Counterexamples can be easily found at least for the first two properties, intangibility and uno- actu-principle. The last distinction, the involvement of the customer in the service delivery process, appears to be more fundamental. Some authors even label it the only valid difference between services and goods: ‘‘With services, the customer provides significant inputs into the production process. With manufacturing, groups of customers may contribute ideas to the design of the product, however, individual customers’ only part in the actual process is to select and consume the output’’ (Sampson 1999).

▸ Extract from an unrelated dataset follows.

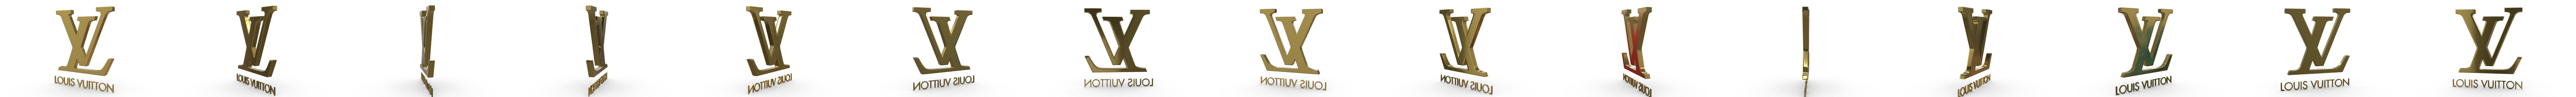 Louis Vuitton Logo v2 005 free VR / AR / low-poly 3D model
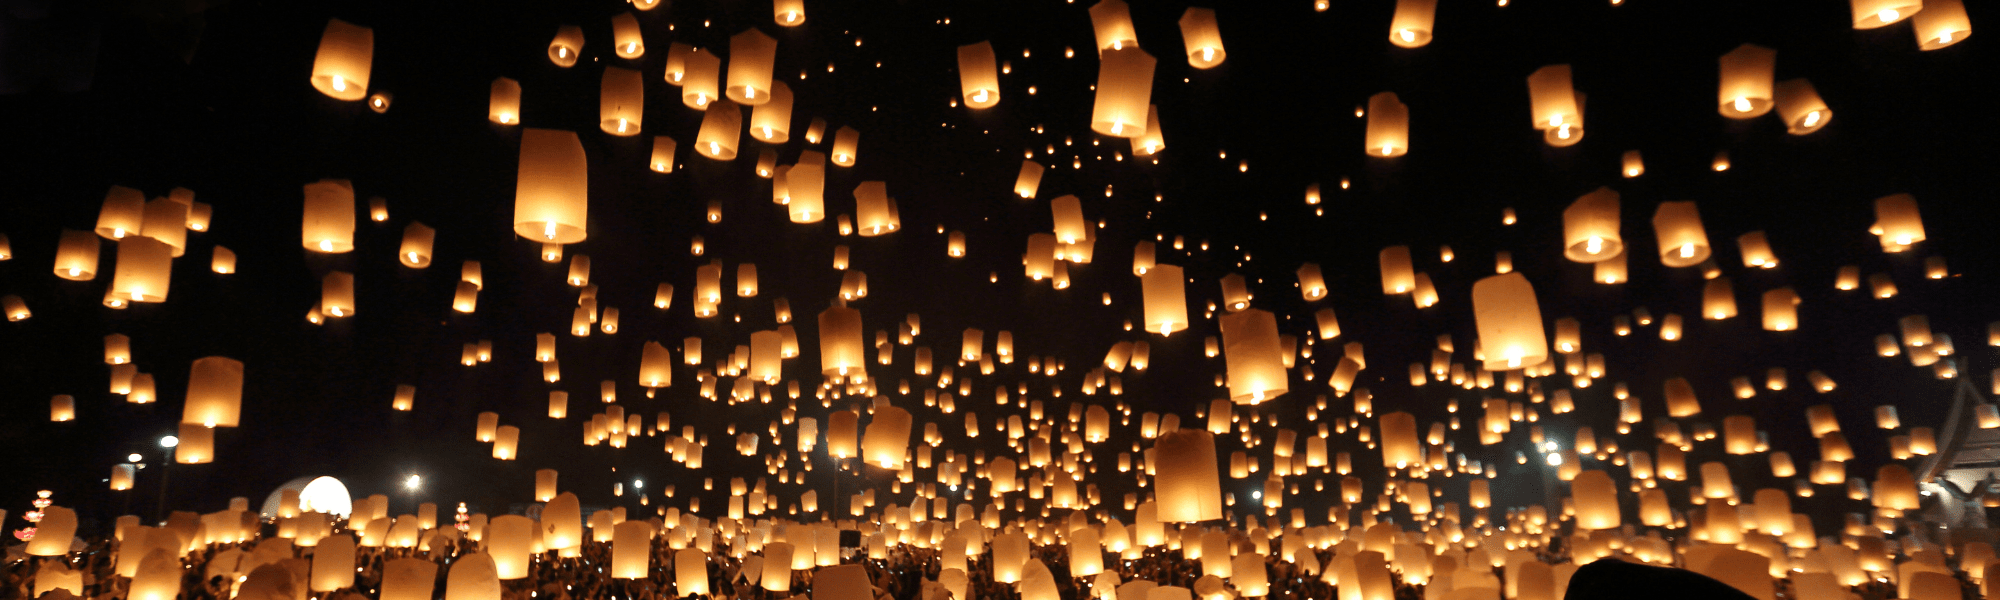 WISTA Singapore Celebrates Diwali

Although the relevance of each of these basic properties varies considerably between different types of services, they indicate some basic challenges that must be met in managing almost any service:

Definition and description of an intangible product: Because product properties are mostly immaterial, describing and—even more important—demonstrating them to the customer is much more difficult than with material goods. In most cases, the customer does not have an oppor- tunity to look at or to test the service prior to purchase, as can be done with a car, for example. Therefore, buying a service creates a certain extent of risk for the customer. The challenge for a marketing department consists at this point of communicating the service’s characteristics to the customer and reducing this feeling of risk as much as possible. For a development or an

operations department the challenge lies in defining and describing the service product in a way that ensures its delivery without failure.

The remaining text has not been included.